If I were allowed  one point of criticism, I would say that several tanks would look better if there were no fish at all. These winning tanks make me dream away as if I were in a big mountain fantasy world, but then these oversized 'birds' with their fins seem a bit disproportionate and actually do not add to the experience for me.

I would be happy to see a separate category where the tank is created to celebrate the beauty of the fish, and plants in a more natural role.

EDIT: With 50 points awarded for 'Recreation of natural habitat for fish', it is probably not a good idea to go without any fish. Perhaps that's why fish are sometimes kindly invited to hide in the dark, or position themselves at the very back on the horizon when taking the picture.


----------



## PARAGUAY (28 Aug 2022)

Some amazing creations😍anyone not sure what's a focal point is think the winner explains it. Nice to see a few UKAPS members up there in the top 100 too


----------



## Tim Harrison (29 Aug 2022)

Some very decent NA scapes, my favourite is Samurai ranked 48. And like Paulo said, good to see Pavol in the top 40,  very well deserved.
Otherwise, no real surprises, diorama wins the day again, with the top scapes just being better executed versions of most the rest of the top 100.
Although the scape ranked 4 is an extraordinary choice.


----------



## castle (29 Aug 2022)

When I get back to my laptop I can share some notes, a couple of stand out tanks, a few which were obviously flooded shortly before image. 

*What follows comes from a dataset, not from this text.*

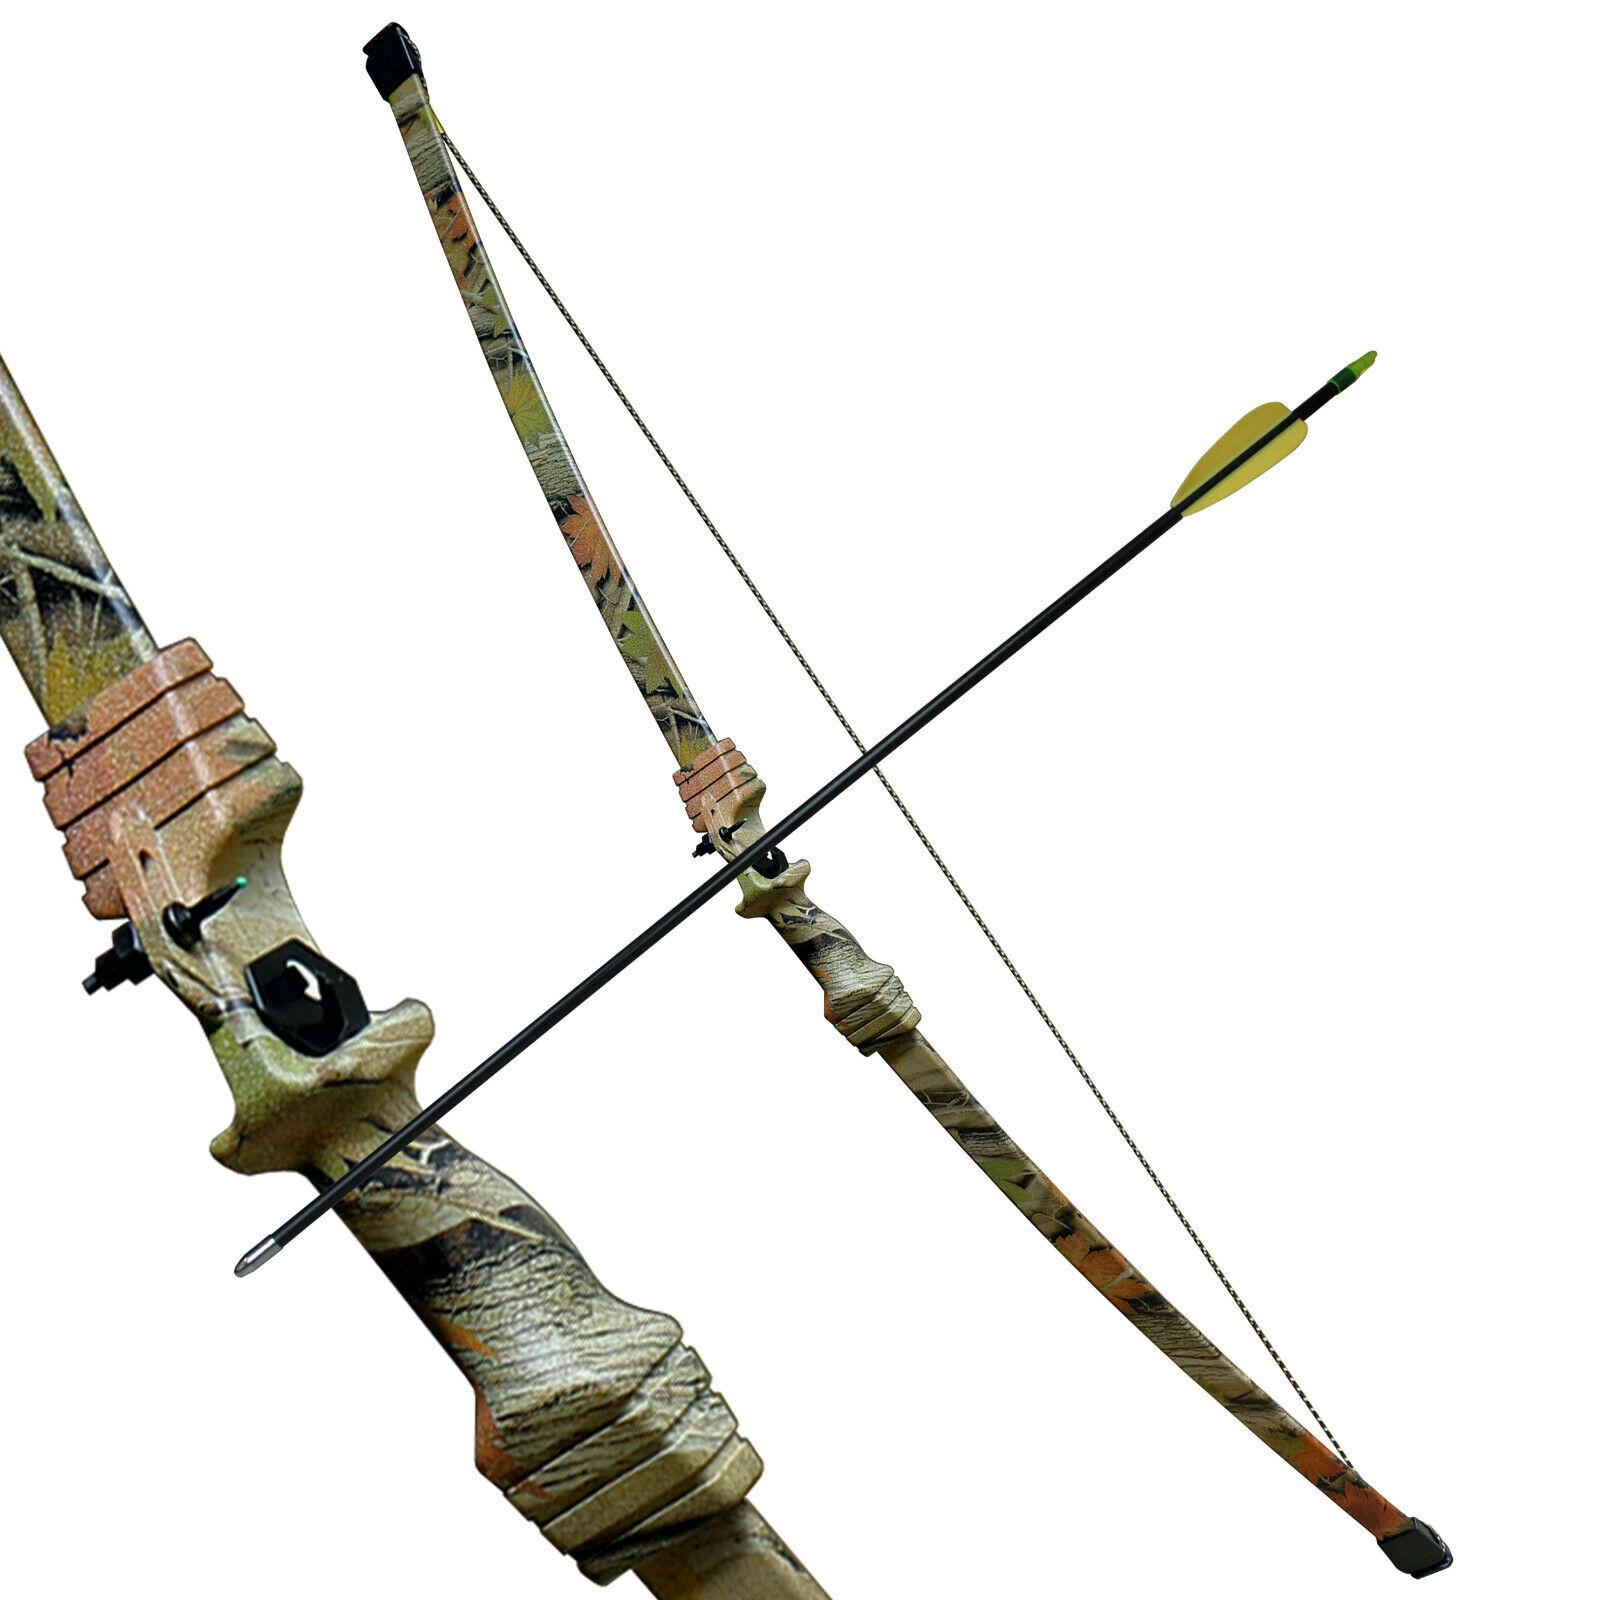 Haller juventud arco-set camo Design 15 libras con 2 flechas de fibra de vidrio y flecha Aljaba

I don’t think IAPLC and I align with what I like from a “nature” aquarium tho


----------



## Geoffrey Rea (29 Aug 2022)

World Rank 83, Creation, by Shuji Ota was memorable:





There were some strong NA entries.


----------



## John q (29 Aug 2022)

I actually quite liked this one.


----------



## ElleDee (29 Aug 2022)

Every year I'm so impressed by the talent and effort of the entries, but I wish the judging encouraged more creativity and risk taking. I'm fine giving up some points for execution in exchange for more excitement and drama. I will say that 48, 83, and 5 stood out to me as well, among others.


----------



## Aqua360 (29 Aug 2022)

In regards to flooding right before taking the picture, this kind of feels like cheating to me, part of the challenge of aquascaping is maintaining their forms underwater, it's infinitely easier emersed, especially if avoiding purely aquatic plants


----------



## castle (29 Aug 2022)

Alrighty, 1 interesting, 1 questions. 1 fav:

.65, I don't exactly love this scape but those floating leaves are really adorable. And I want some. It's a little meh at the front, and front left but still I like it.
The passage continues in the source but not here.